# Hit on a swarm trap



## Bee Havin (Mar 1, 2017)

As with most answerers in bee keeping, it depends. (1) Swarms are usually wax building machines. How big the swarm is will effect how fast. It normally doesn't take more than a week or so but again it depends. (2) Some will add a frame of brood to anchor the swarm. Should you add a frame, it depends. This is what I do. I leave them alone for a week so as not to disturb them and let them settle in,. (anchor) I then move them to where I want them and place them in a permanent hive. I remove any old frames that have not been built on or very little and replace with new frames and foundation. There is usually only about 2 good frames that are built up much. I then place a feeder on to boost the hive. If late in the year like now, I feed all the way to winter. I would be feeding 2:1 as it takes less storage room and also builds comb. If it is a smaller swarm I put them in a 5 frame nuc or a 5 over 5 eventually. A 5 over 5 or a 5x5x5 will winter over better than a 10 framer IMO, because the bees can move up easier than side to side. I would only add brood from my other hives if they could afford it. It doesn't sound like they can, or at least not much. If they could afford a frame of comb, with a place to lay and a little brood that doesn't dramatically affect the donor hive, I'd do that, but only If I could do that with out jeopardizing my other hives. (Maybe one from each?) Don't throw good bees after bad. After I move them, I block them in for a day with screen and release the next day with a slight obstruction to fly around. I keep the entrance smaller (1 to 2 inches) depending on the swarm size. 
This what I do. It doesn't make it right. It is just what I do. 
As you can see, it depends. GOOD LUCK!!!


----------



## RedBarn (May 31, 2017)

Thanks BeeHavin.

Your approach seems to all make sense to me. I guess it's a gut feel for what a person thinks they need and try to read them.... 
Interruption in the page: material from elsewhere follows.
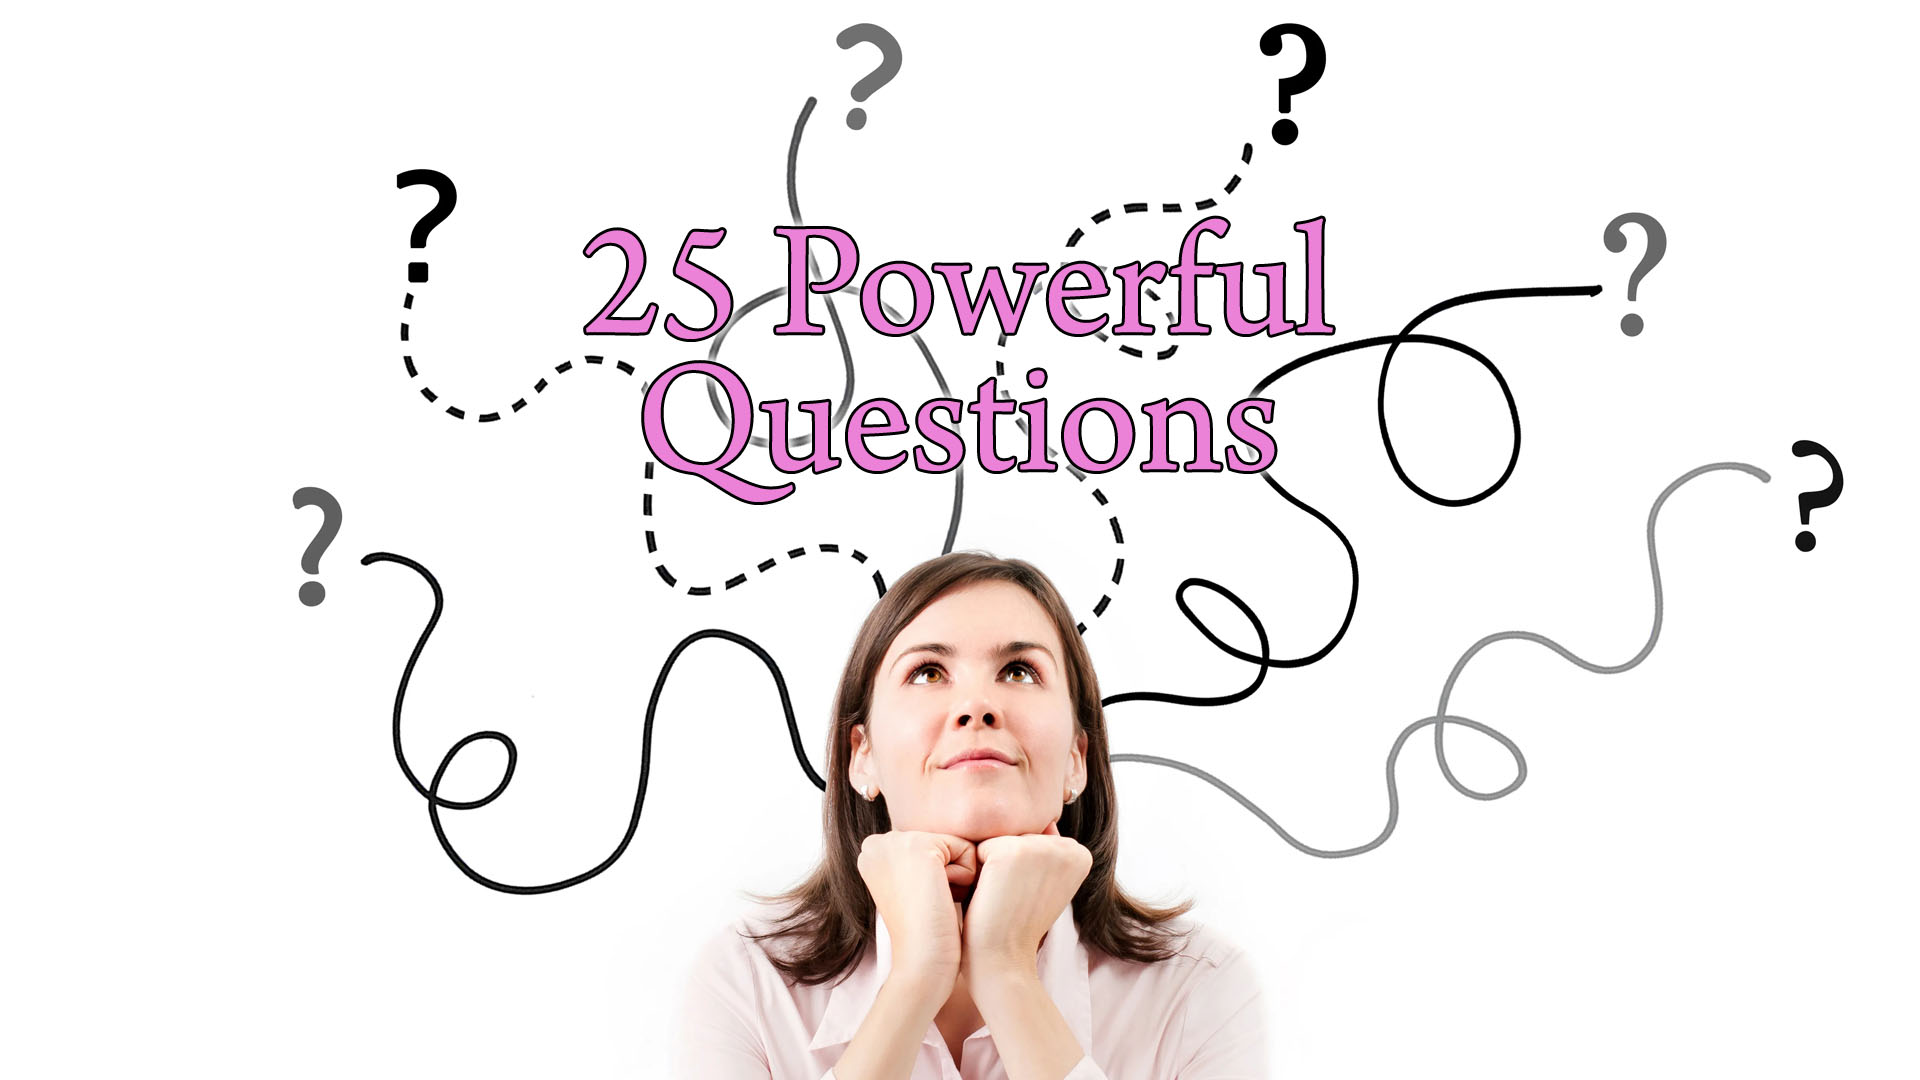 25 Powerful Questions

I brought two frames with partial drawn wax, frames with foundation in them, and an internal feeder. I will add frames and the feeder. I guess this will help them build and draw wax the way I want them to.


----------



## Bee Havin (Mar 1, 2017)

Just to elaborate on why a 5x5 may be better. A cluster is usually in the center of the box. As they use stores that are usually to each side of the cluster, they move to one side or the other. If the cluster is on the side during our cold spells (winter) they may not be able to reach the stores on the other side of the box. They can't/won't break cluster. If it was me, I would try the 5 over 5 with my feeder in/on top. I could be wrong, but this is what I would do if it was me. It doesn't make it right.
GOOD LUCK!!!


----------



## RedBarn (May 31, 2017)

Makes sense. I'll have to move them into the 5's at a later date. I like that thought and makes sense to me as why.


----------



## RedBarn (May 31, 2017)

BEE HAVIN. Thanks for the advice. I have a 5x5 ready to go. Maybe I'll switch them over this next weekend.


----------